I have the following SQL to delete duplicate values form a table,

DELETE p1 
FROM `ProgramsList` p1, `ProgramsList` p2  
WHERE p1.CustId = p2.CustId 
    AND p1.CustId = 1 
    AND p1.`Id`>p2.`Id` 
    AND p1.`ProgramName` = p2.`ProgramName`;

Id is auto incremental
for a given CustId ProgramName must be unique (currently it is not)
The above SQL takes about 4 to 5 hours to complete with about 1,000,000 records

Could anyone suggest a quicker way of deleting duplicates from a table?

Dharman
  • 30,962
  • 25
  • 85
  • 135
  • possible duplicate of [Deleting duplicate rows from a table](http://stackoverflow.com/questions/1043488/deleting-duplicate-rows-from-a-table) – John Conde Feb 11 '13 at 16:55
  • Maybe inserting the unique values in a temp array like this? http://stackoverflow.com/a/1652413/217180 – Xavi Esteve Feb 11 '13 at 16:56

2 Answers2

1

First, You might try adding indexes to ProgramName and CustID fields if you don't already have them.

De-Duping

You can group your records to identify dupes, and as you are doing that, grab the min ID value for each group.
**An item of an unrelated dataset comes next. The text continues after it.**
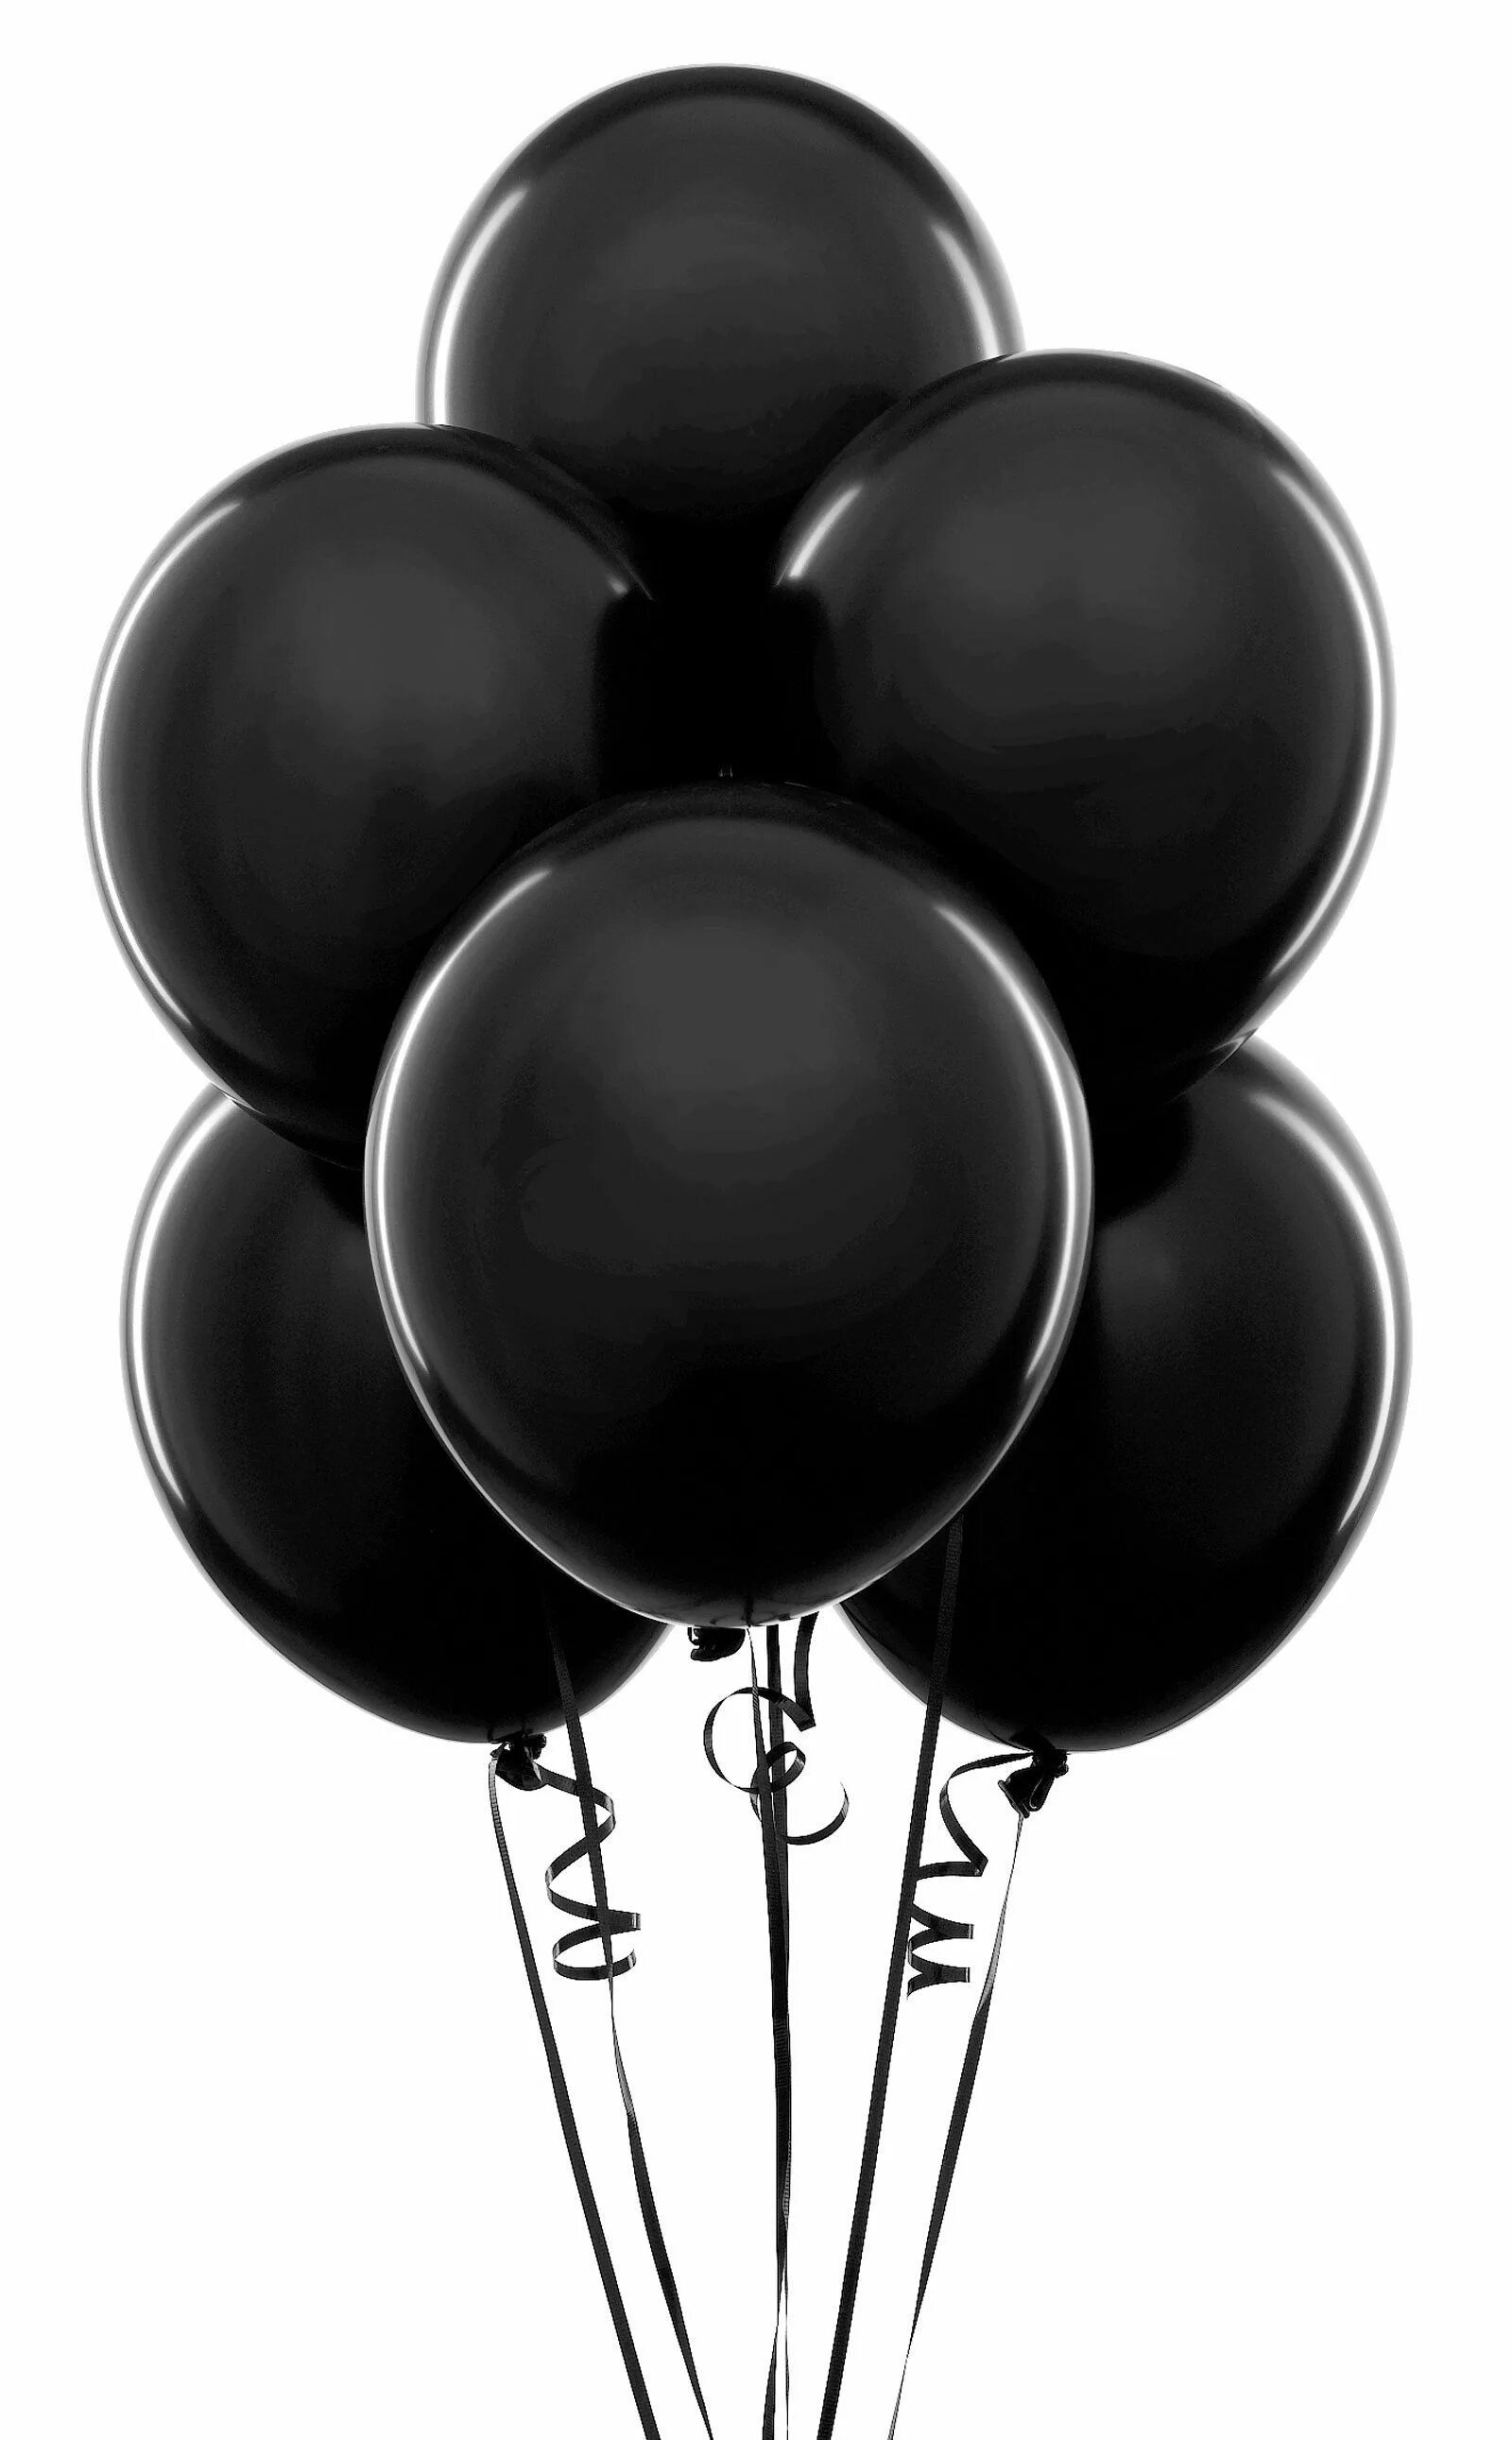 “Черный шар” (the Black Balloon), 2008. Черные воздушные шары. Шары в черном цвете. Черно-белые воздушные шары. Про черного шарика
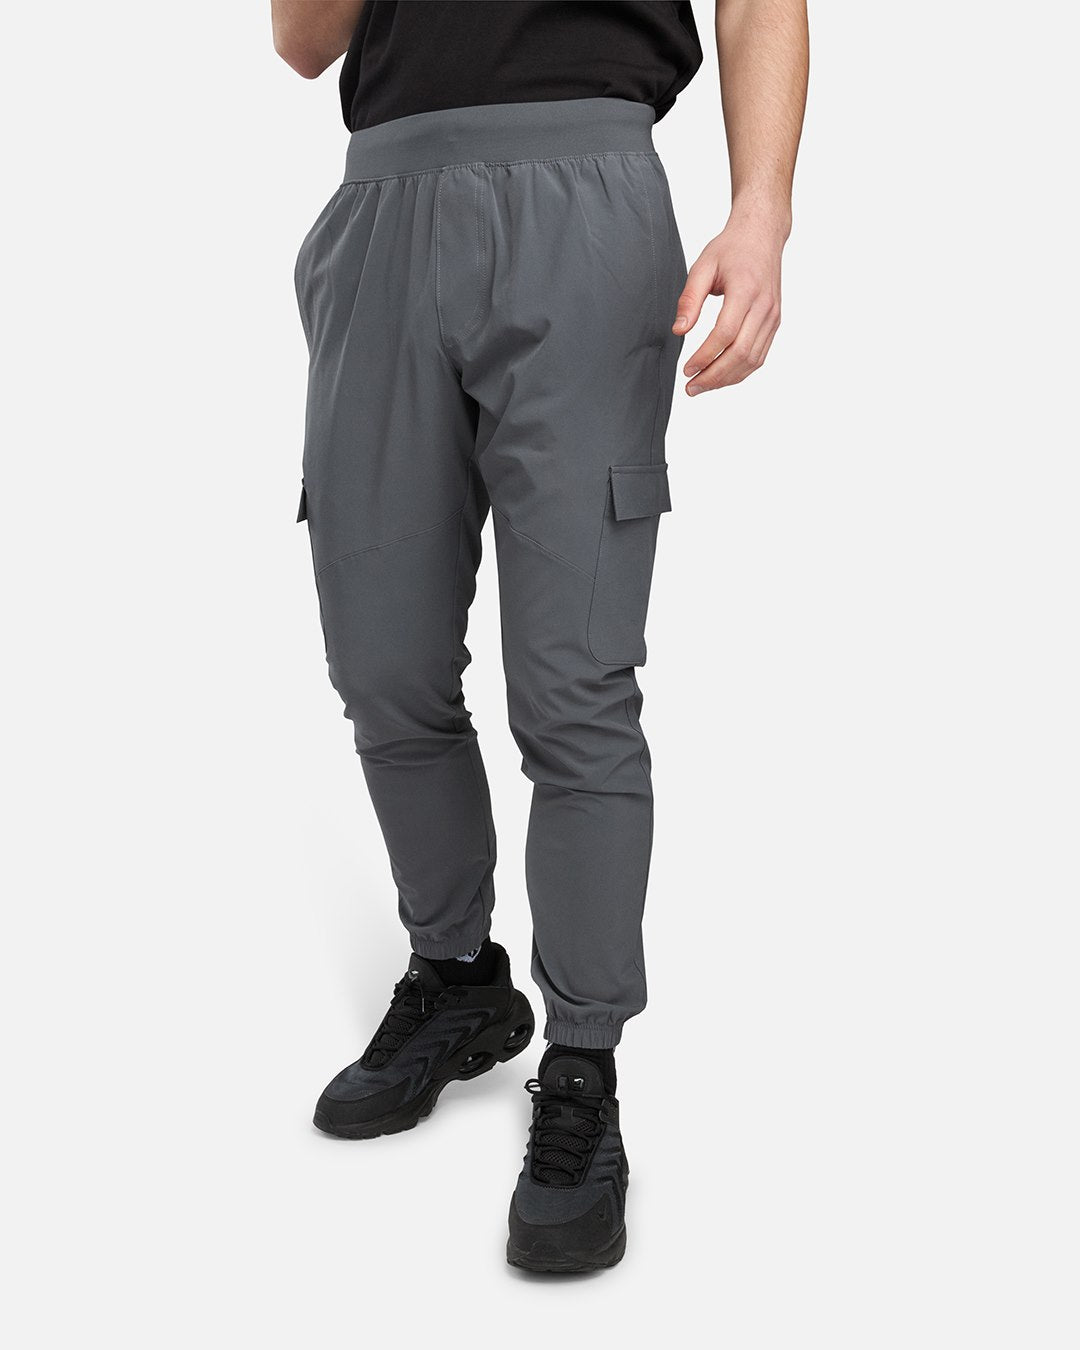 Pantalon Under Armour Stretch Woven - Gris/Noir

Then, just delete all records whose ID is not one of the MinID's.

In-Clause Method

delete from
 ProgramsList
where
 id not in 
    (select min(id) as MinID
      from ProgramsList
      group by ProgramName, CustID) 

Join-Method

You may have to run this more than once, if there are many members per group.

DELETE P
FROM ProgramsList as P
INNER JOIN 
    (select count(*) as Count, max(id) as MaxID
     from ProgramsList
     group by ProgramName, CustID) as A on A.MaxID = P.id
WHERE A.Count >= 2

Some people have performance issues with the In-Clause, some don't. It depends a lot on your indexes and such. If one is too slow, try the other.

Related: https://stackoverflow.com/a/4192849/127880

Community
  • 1
  • 1
Brian Webster
  • 30,033
  • 48
  • 152
  • 225
0

This will remove all the duplicates in one go.

From the inner query an ID is got which is not deleted and the rest is deleted for each of the program.

delete p from ProgramsList as p
INNER JOIN (select ProgramName as Pname, max(id) as MaxID
     from ProgramsList
     group by ProgramName, CustID order by null) as A on  Pname=P.ProgramName
    where A.MaxID != P.id
kleopatra
  • 51,061
  • 28
  • 99
  • 211